Oostenrijk: Arbiters uitdagen: Een update van het Oostenrijkse Hooggerechtshof
Auteur: Per Neuburger
Op 23 juli 2020 heeft het Oostenrijkse Hooggerechtshof (Oberste Gerichtshof, OGH) heeft in 18 ONc 1/20x een beschikking gegeven,1 waarin het zich boog over een (herhaalde) wraking van een arbiter in een VIAC-procedure.
Feiten
De verweerder in de arbitrageprocedure had reeds bij een eerdere gelegenheid zonder succes bezwaar gemaakt tegen de benoeming van de arbiter. Zich beroepend op artikel 20 van de Weense regels, had verweerder in zijn eerste formele betwisting in mei 2019 twijfel geuit over onpartijdigheid en onafhankelijkheid.
Het bestuur van de VIAC, dat bevoegd is om uitspraak te doen over een wraking als de arbiter niet aftreedt, heeft het verzoek in juni 2019 afgewezen. Begin 2020 werd de arbiter benoemd als lid van het bestuur van de VIAC. Verweerder, die zich opnieuw zorgen maakte over de onpartijdigheid en onafhankelijkheid, heeft de benoeming van de arbiter opnieuw aangevochten, maar dit verzoek is in maart 2020 opnieuw afgewezen door het bestuur van de VIAC.
Artikel 589, lid 3, van het Oostenrijks burgerlijk wetboek (Zivilprozessordnung, ZPO) stelt een strikte termijn van vier weken vast voor het instellen van een beroep bij het OGH tegen een partij wier wraking van een arbiter door het scheidsgerecht is afgewezen. De termijn van vier weken gaat in wanneer een partij - op welke wijze ook - kennis heeft gekregen van de afwijzing. Na het verstrijken van deze termijn kan de partij geen beroep meer instellen.

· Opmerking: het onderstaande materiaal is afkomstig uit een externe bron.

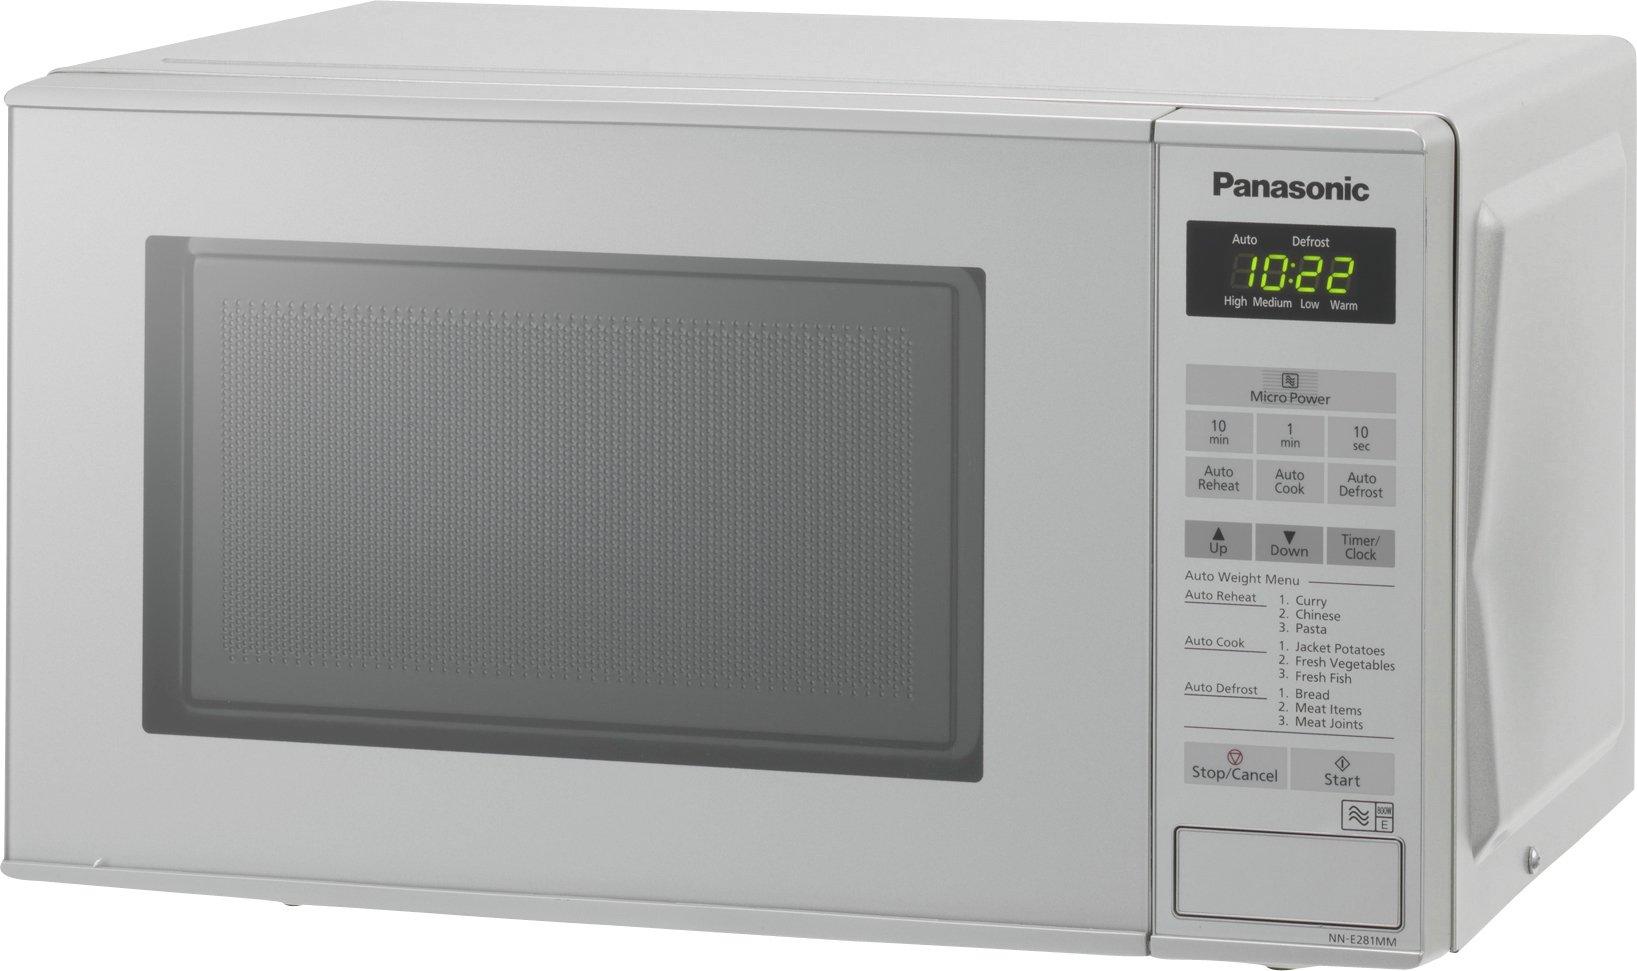 'Panasonic - Nn-e281mm 800w Standard Touch Microwave - Silver

Verweerder heeft de OGH verzocht om hun wraking toe te staan en de arbiter partijdig ten opzichte van eiser te laten verklaren. Aangezien de oorspronkelijke wraking in juni 2019 was afgewezen, was de in artikel 589, lid 3, ZPO gestelde termijn van vier weken reeds lang verstreken toen het verzoek bij de rechtbank werd ingediend.
Het OGH standpunt
Het OGH herhaalde dat indien een wraking van een arbiter niet slaagt en niet binnen de vereiste termijn een verzoekschrift bij het Hof wordt ingediend, een nieuwe wraking moet worden uitgesloten en ongegrond moet worden verklaard.
Het Hof oordeelde echter voorts dat voor een nieuwe beoordeling van een reeds als ongegrond erkende weigeringsgrond nieuwe omstandigheden moeten worden aangevoerd, die binnen hetzelfde materiële kader vallen en, althans abstract, geschikt zijn om tot een andere (globale) beoordeling te komen. Deze nieuwe omstandigheden werden in het onderhavige geval aanwezig geacht.
Commentaar
Hoewel het OGH uiteindelijk het beroep tegen de benoemde arbiter verwierp, is deze zaak opmerkelijk wegens de erkenning dat ook na het verstrijken van de in artikel 589, lid 3, ZPO gestelde termijn een beroep op de rechter kan worden gedaan, op voorwaarde dat de bovengenoemde nieuwe omstandigheden zich voordoen.
Voetnoot
1. OGH 23.7.2020, 18 ONc 1/20x
De inhoud van dit artikel is bedoeld als een algemene leidraad voor het onderwerp. Er dient gespecialiseerd advies te worden ingewonnen over uw specifieke omstandigheden.